---------- Data segment
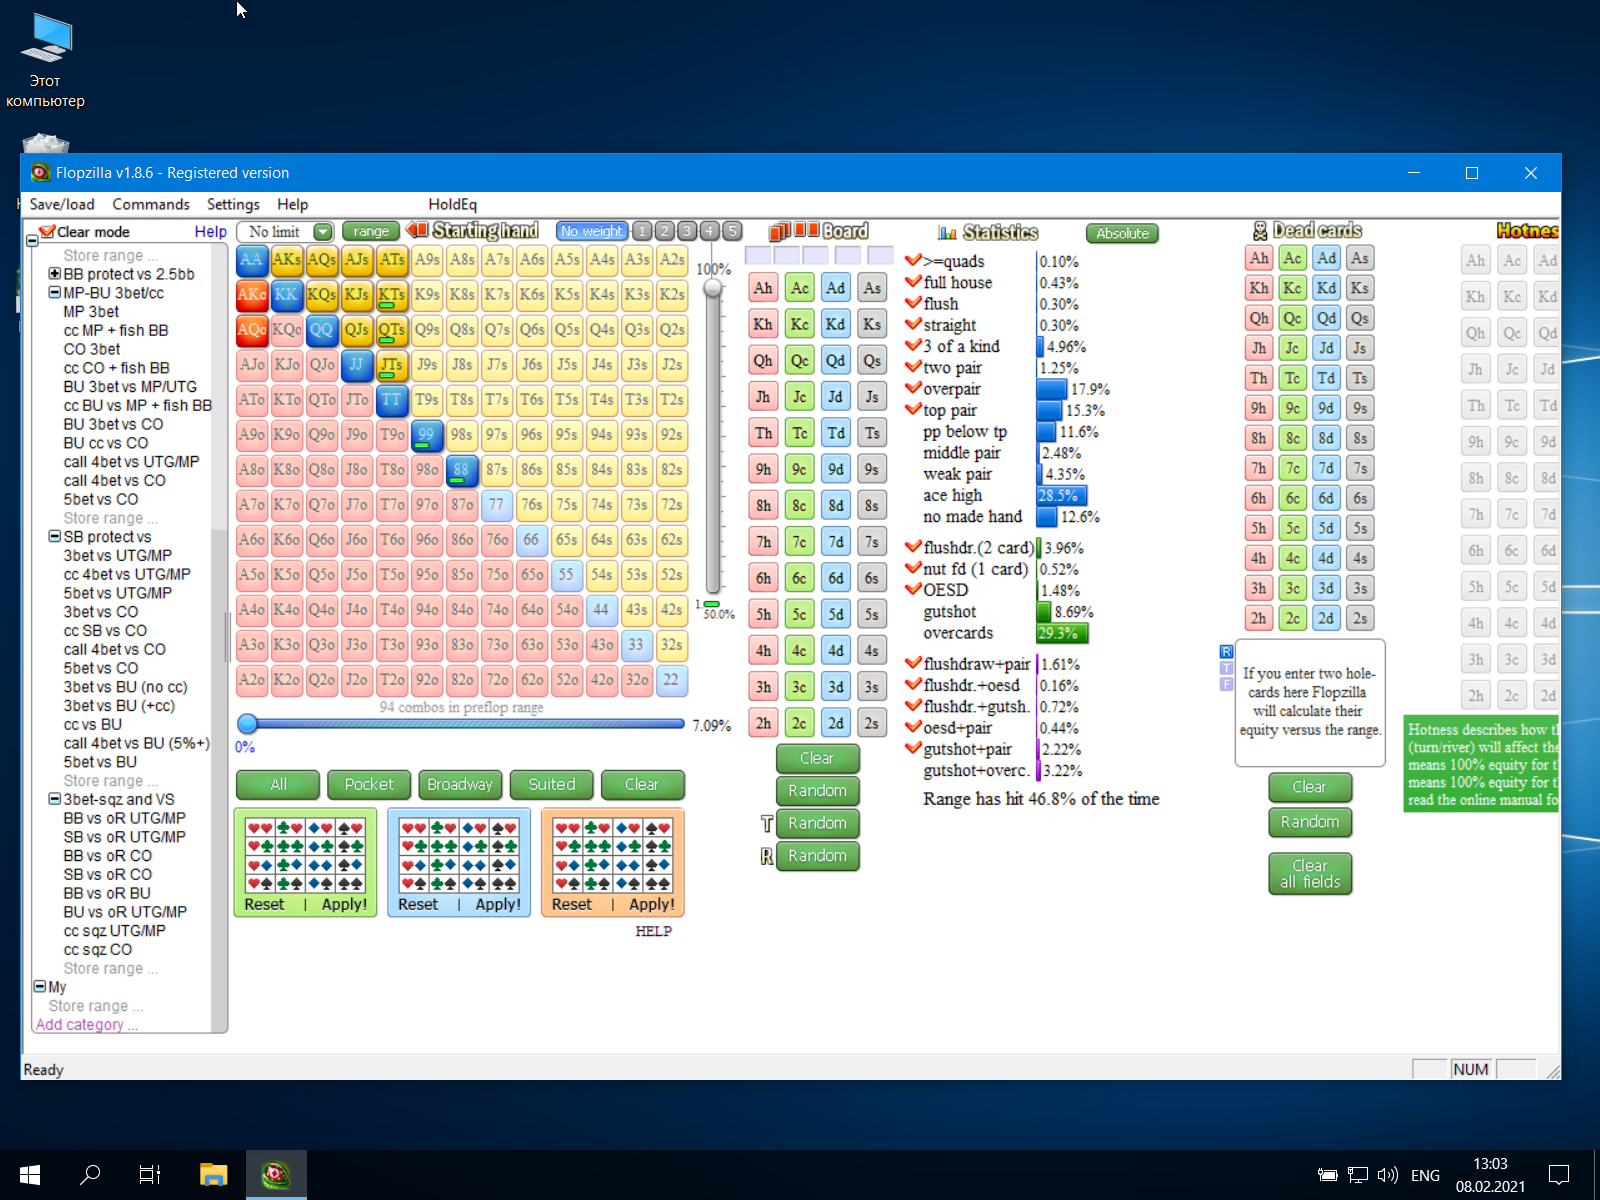 virtualboxwin-10080220211303321612778630.png
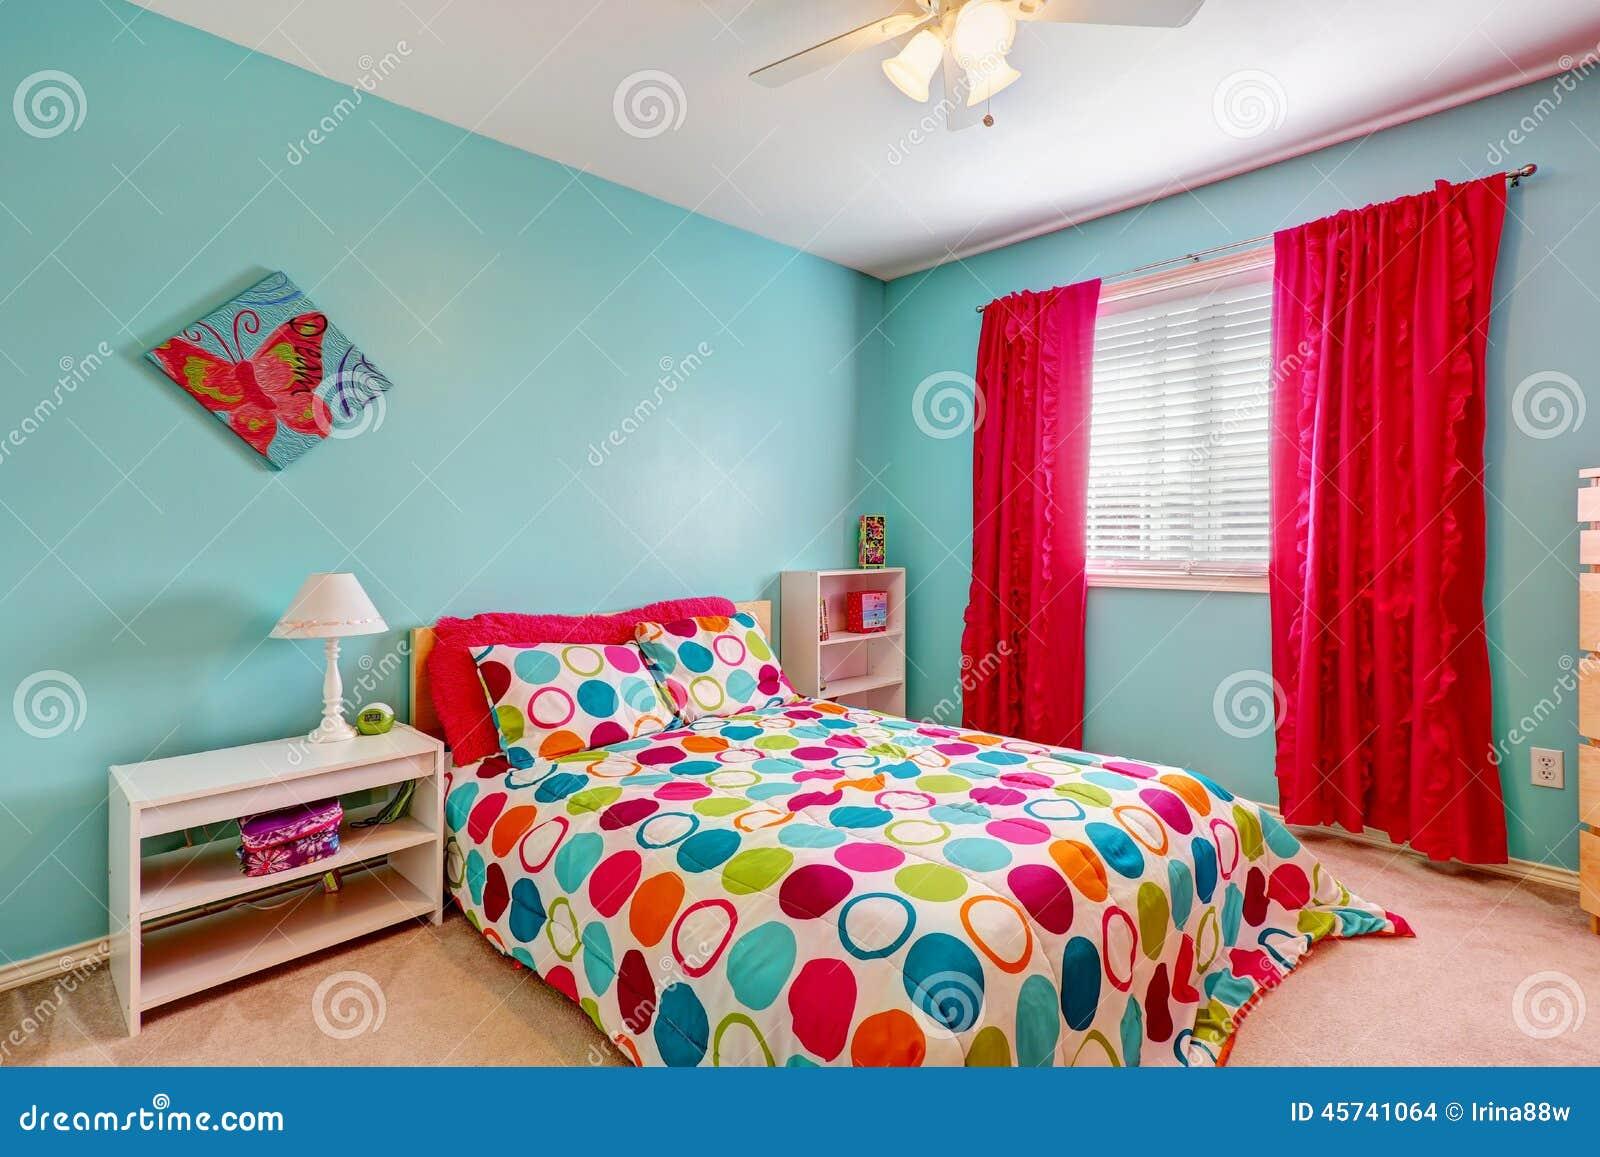 Interior alegre do quarto na cor de turquesa foto de stock for Agencement de chambre a coucher
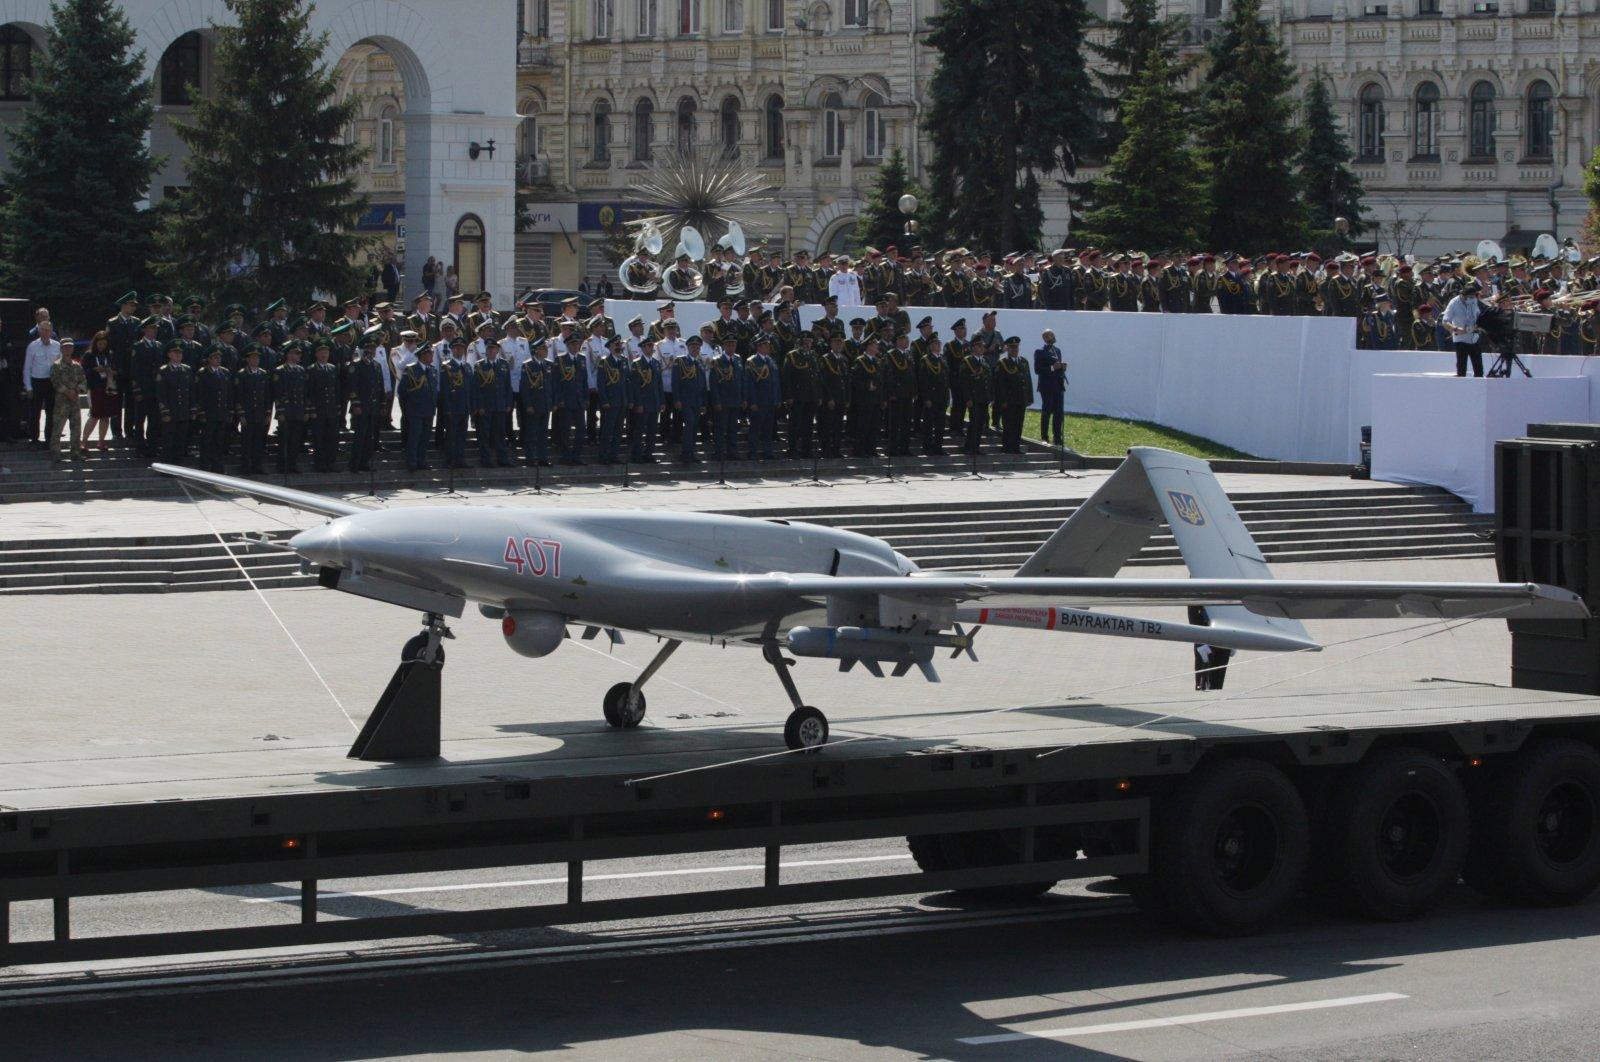 A Bayraktar TB2 UCAV belonging to the Ukrainian army, during a parade to commemorate the 30th anniversary of Ukraine's independence, Kyiv, Ukraine, Aug. 24, 2021. (AA Photo)
--------------------
* **Work instructions**:
Would you give the data above again word for word, minus the pictures?

* **Output for this exercise**:
 virtualboxwin-10080220211303321612778630.png
 Interior alegre do quarto na cor de turquesa foto de stock for Agencement de chambre a coucher
 A Bayraktar TB2 UCAV belonging to the Ukrainian army, during a parade to commemorate the 30th anniversary of Ukraine's independence, Kyiv, Ukraine, Aug. 24, 2021. (AA Photo)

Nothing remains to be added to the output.